Молва эта сорочьим стрекотом вкривь и вкось разнеслась по улицам и не замедлила ворваться в дом Абанкиных. В семье их поднялся невероятный переполох. Наумовна как только услышала об этом — заохала, застонала и слегла в постель, потребовав фельдшера: делать примочки. Так вот оно, оказывается, в чем разгадка! Вот, оказывается, почему эта тихоня все прячется от людей, день-деньской сидит в спальне! А она-то думала… Петр Васильевич посуровел, надулся и, наводя порядок во дворе, молча ходил, важный и недоступный. За ним на цыпочках по пятам следовал Степан. Вытягивая худую шею и сутулясь, он на лету ловил каждое его мычание, каждый взгляд исподлобья и держал себя так, словно он-то и был виноват, что не смог уберечь хозяйский двор от непрошеных новостей.

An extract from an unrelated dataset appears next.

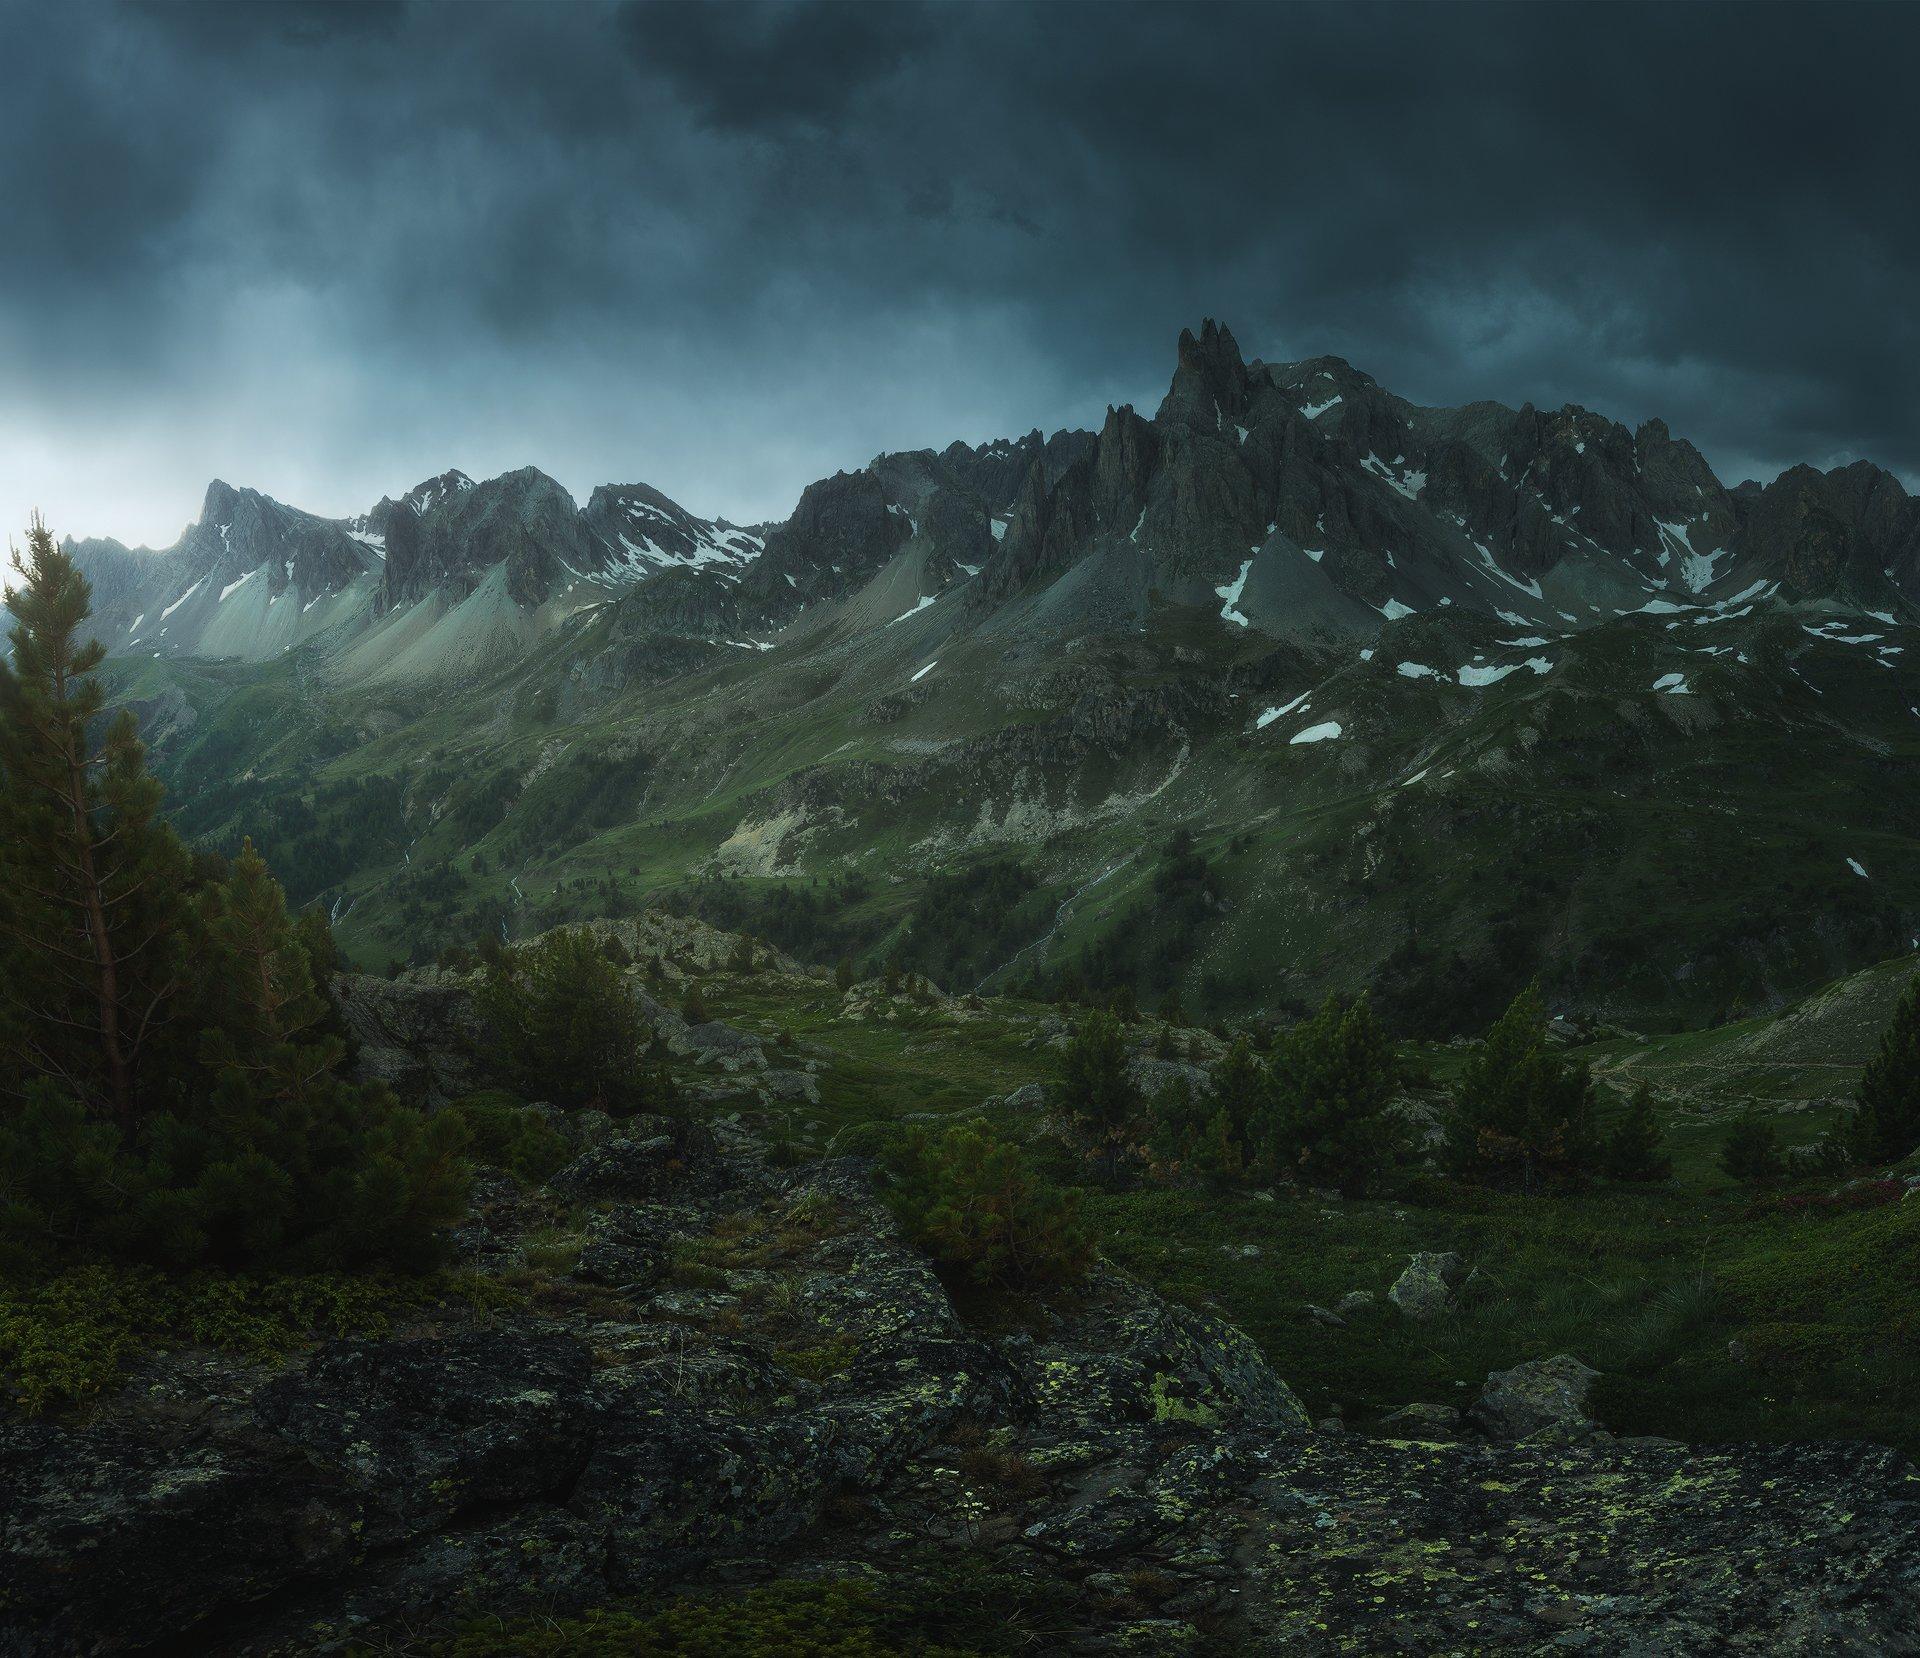 #safarphoto, #france, #workshop, #epic, #landscape, #alps, #french, #mountains, #пейзаж, #пейзажная, #фотография, #красиво, #небо, #горы, #острова, #франция, #фототур, #облака, #тучи, #альпы, #путешествие, #туризм, #отдых, #закат, Бахышев Сафар

Трофим сгорал от злости, морщился, желтел в лице, но крепился. Шутка сказать! Ведь конфуз прежде всего падает на его чубатую неповинную головушку. Над ним же в первую очередь будут издеваться люди, поднимут на смех. Держал про себя одну горькую супружескую тайну, держи и другую — еще горше и тошнее. Ротозейничал — так теперь крепись. А счеты с женой своди наедине.
Случилось так.
В воскресный день утром, когда облачное небо сорило снегом, Трофим, направляясь в лавку за папиросами, шел по улице. Обедня в церкви только что окончилась, и из ограды тянулись люди, все больше женщины в разноцветных одеждах. Мимо Трофима стремительной походкой пронеслась Феня. Новая ластиковая кофта на ней тонко шелестела, юбки с кружевными пестрыми оторочками рябили в глазах. На приветствие Трофима она кивнула головой и непонятно, загадочно улыбнулась. «Чего это она? — удивился тот и, взглянув ей вслед, позавидовал: — А бабенка-то она ничего, мягкая, сдобная». Неподалеку от магазина дорогу Трофиму перешла Надина сверстница Лиза Бережнова, та самая бойкая девушка, участница посиделок, что втайне ждала и не дождалась от него, Трофима, сватов. Эта, увидя Абанкина, уже откровенно и, как тому показалось, ни с того ни с сего хихикнула. То ли — по молодости, то ли рада была хоть немножко отомстить за несбывшиеся надежды.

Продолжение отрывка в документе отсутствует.